The opposite happened; as soon as the meditation started, I relaxed more and immediately the emotions came to the surface. The tears followed, I switched off the camera, and allowed the tears to come out. I tried to focus on the guided meditation. The guidance was that people would appear in the meditation, and I saw a few people I love, and at the end of a path I saw my late husband who gave me a hug in the meditation. We came in a building and we would get information about past lives while sitting at a table. I had Jan sitting next to me at that table, and at the left side of me another person I love, but no information came to me. The emotions rose high and I was sobbing. I chose to leave the guided meditation and let the emotions come out. Here I was sitting in my room, no idea why I was so incredibly emotional. Every time when a thought about the court case and testifying came in my mind, I freaked out. It became clear to me that this wasn’t a normal reaction of just the court case now, but this was a past life connection. It felt like I was going to die, but I was safe in the present time. My logical sense told me that it was too uncontrollable to be a reaction for my life now. So here I was experiencing emotions from a past life connected to testifying about a technical issue of my car, but further no clarity of any details. How could I solve this?

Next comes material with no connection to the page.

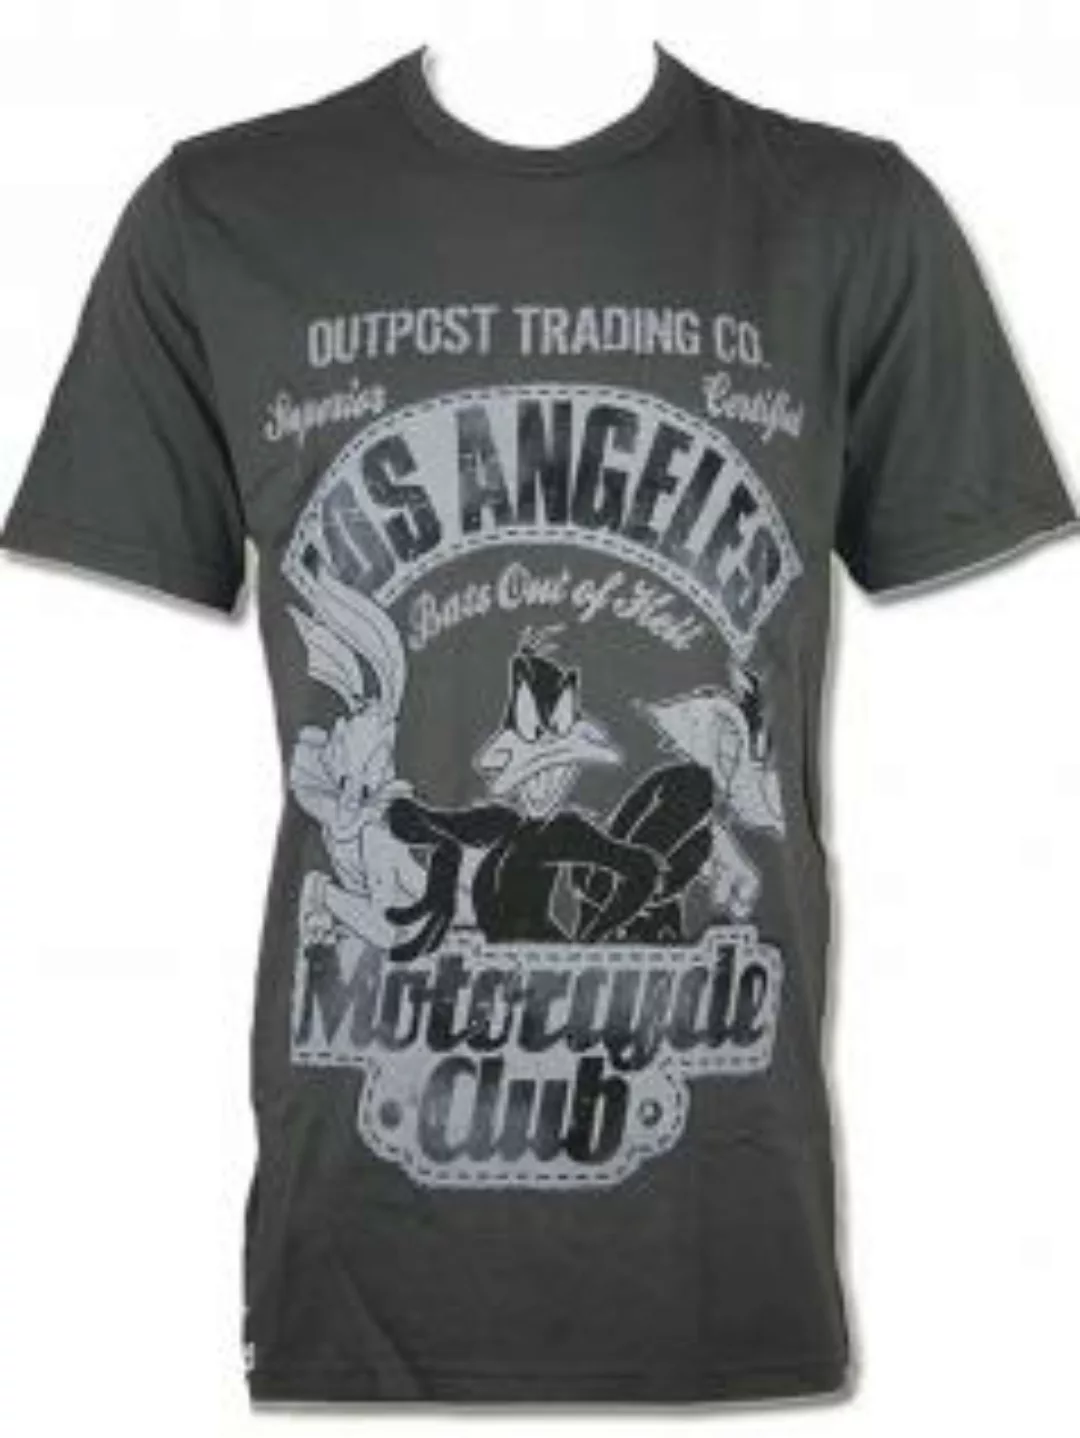 Outpost Herren Shirt Motocycle Club günstig online kaufen
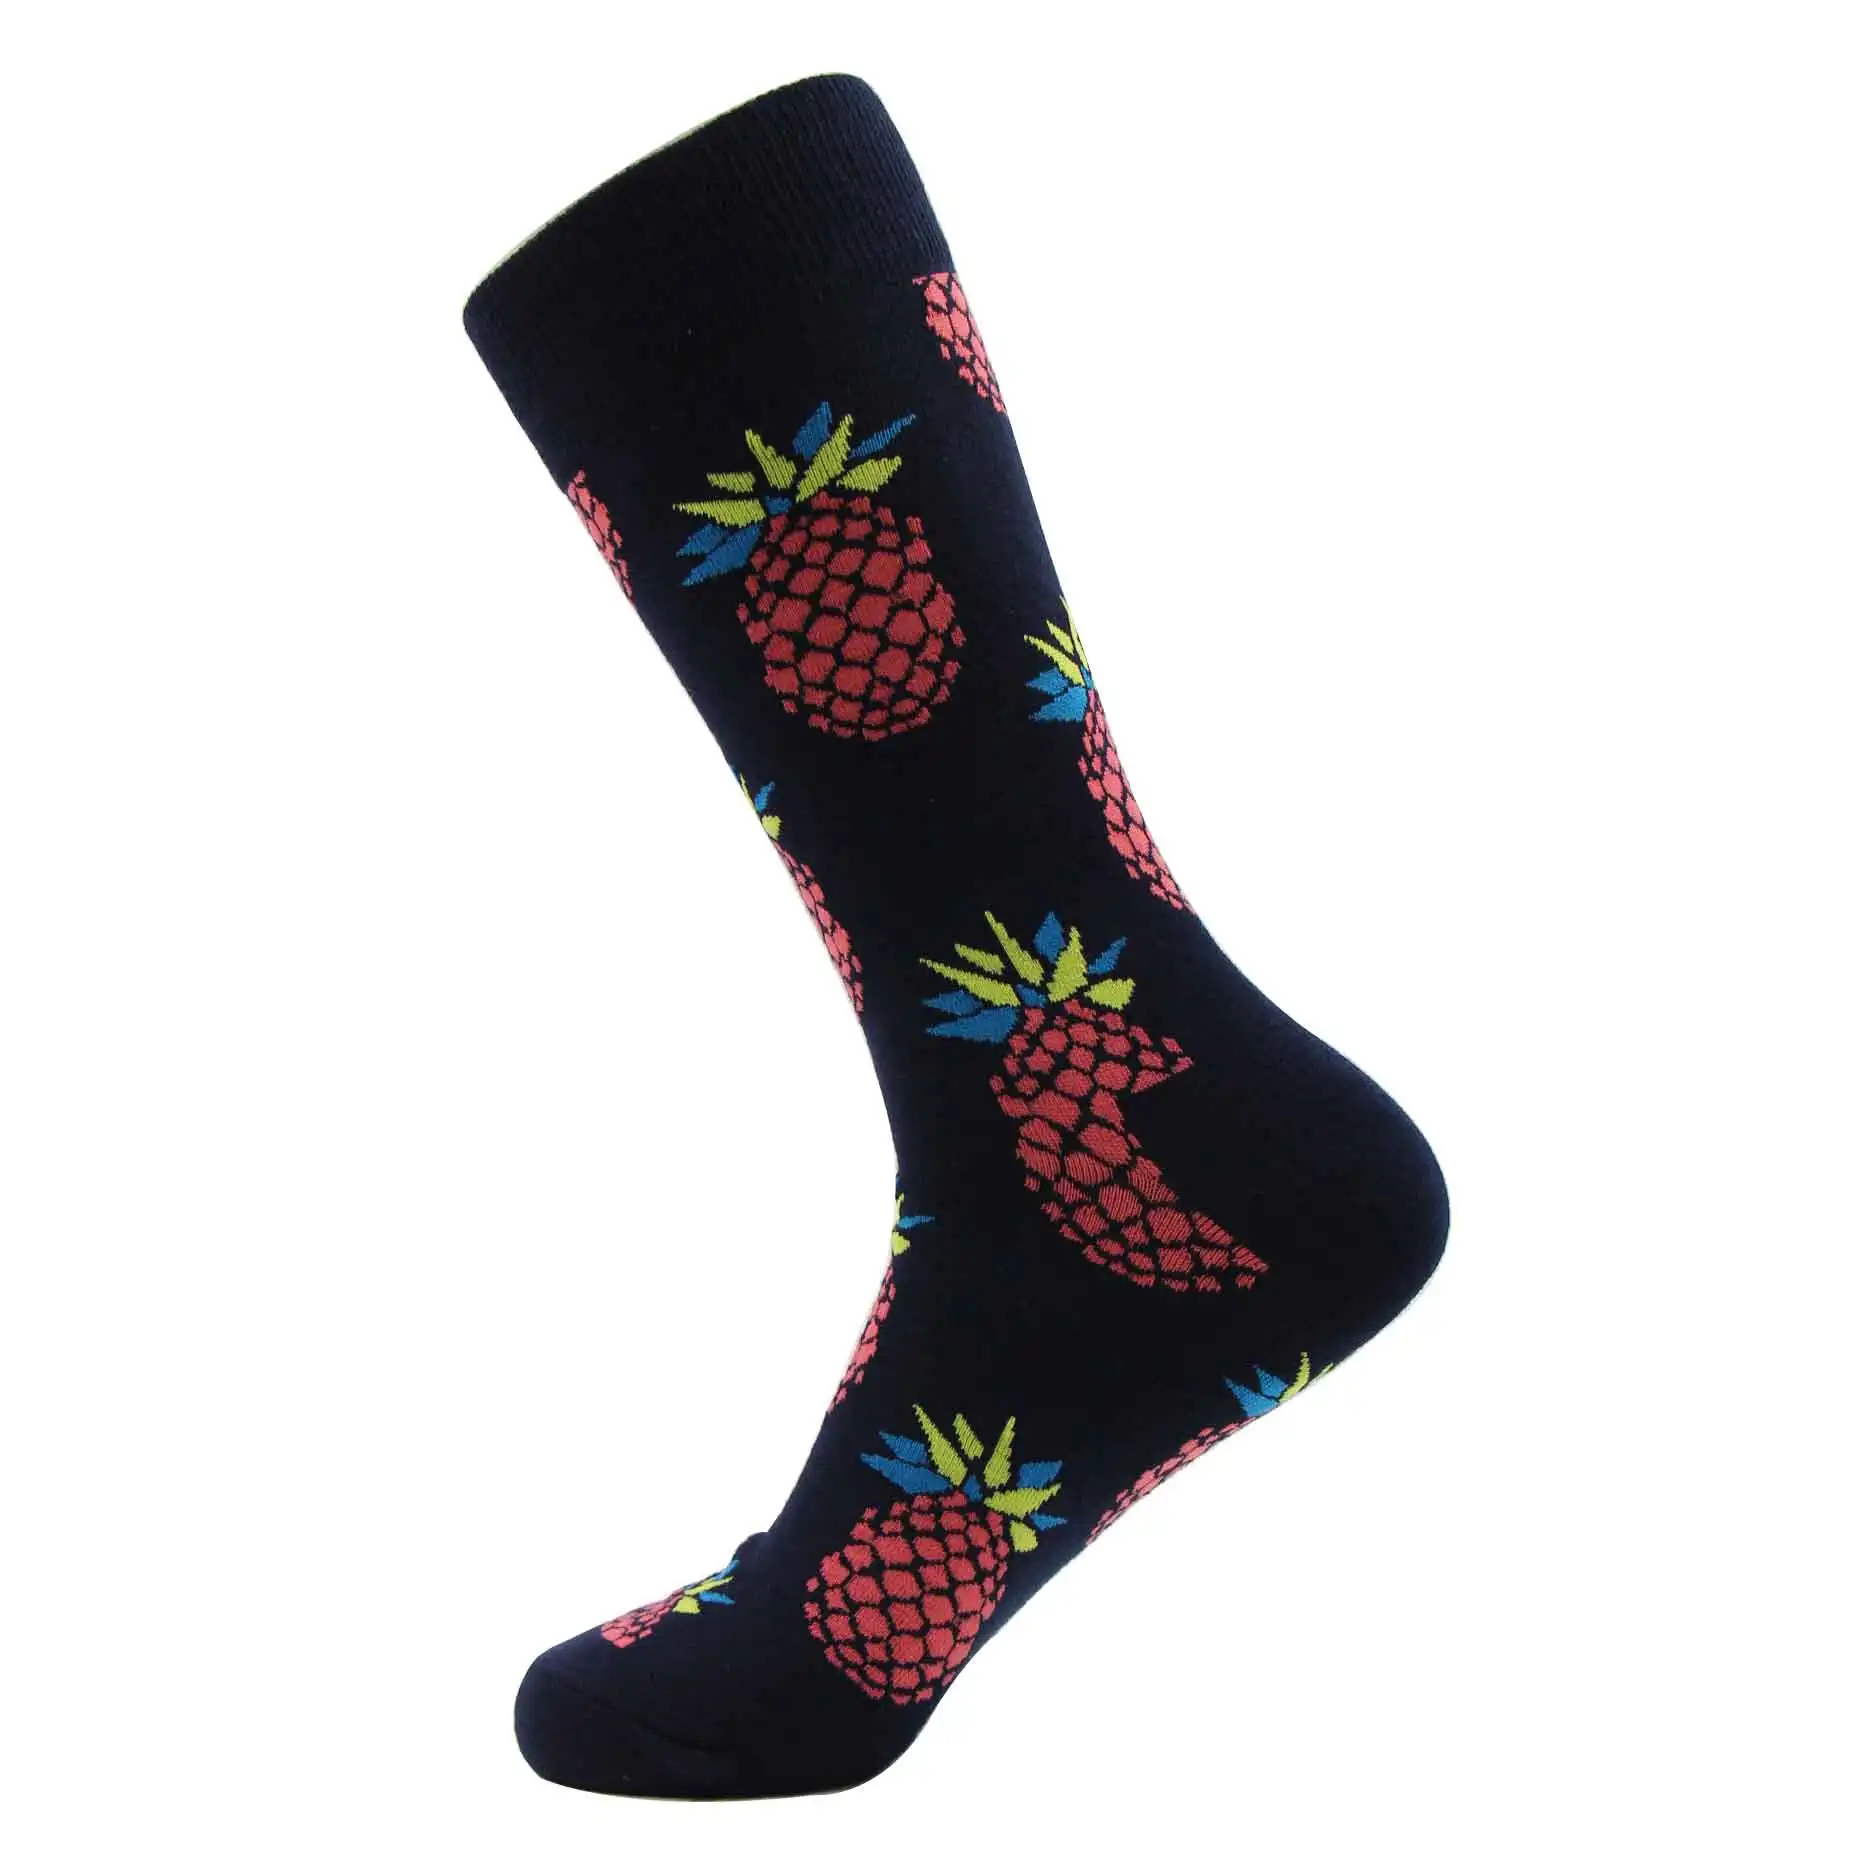 WH SOKKEN забавные мужские новые носки из чесаного хлопка шар с водородом компрессионный хип-хоп Повседневный стиль для новинок подарки 25 цветов - Цвет: SKFR002

A while later, my friend Elida texted me why I had left the guided meditation. She thought I had a technical issue with the online connection maybe, so I called her and told her about the past life connection I was experiencing. She channelled for me a message that brought clarity; the past life was about a battle where I was a leader of a large group of women on a battlefield against men. Many women lost their lives and I took my own life to honour all the women who had lost their lives in the battle. The class action contains souls who were in that battle of the past life and my testifying was as ‘the leader’ from the past life standing up for all these souls again. I felt responsible for all the others in the class action as the group that I would be representing and I wanted to succeed. The message was that this time, so in this life, I would be successful. Wow, this was big. It made more sense with the emotions I was feeling and calmed me down.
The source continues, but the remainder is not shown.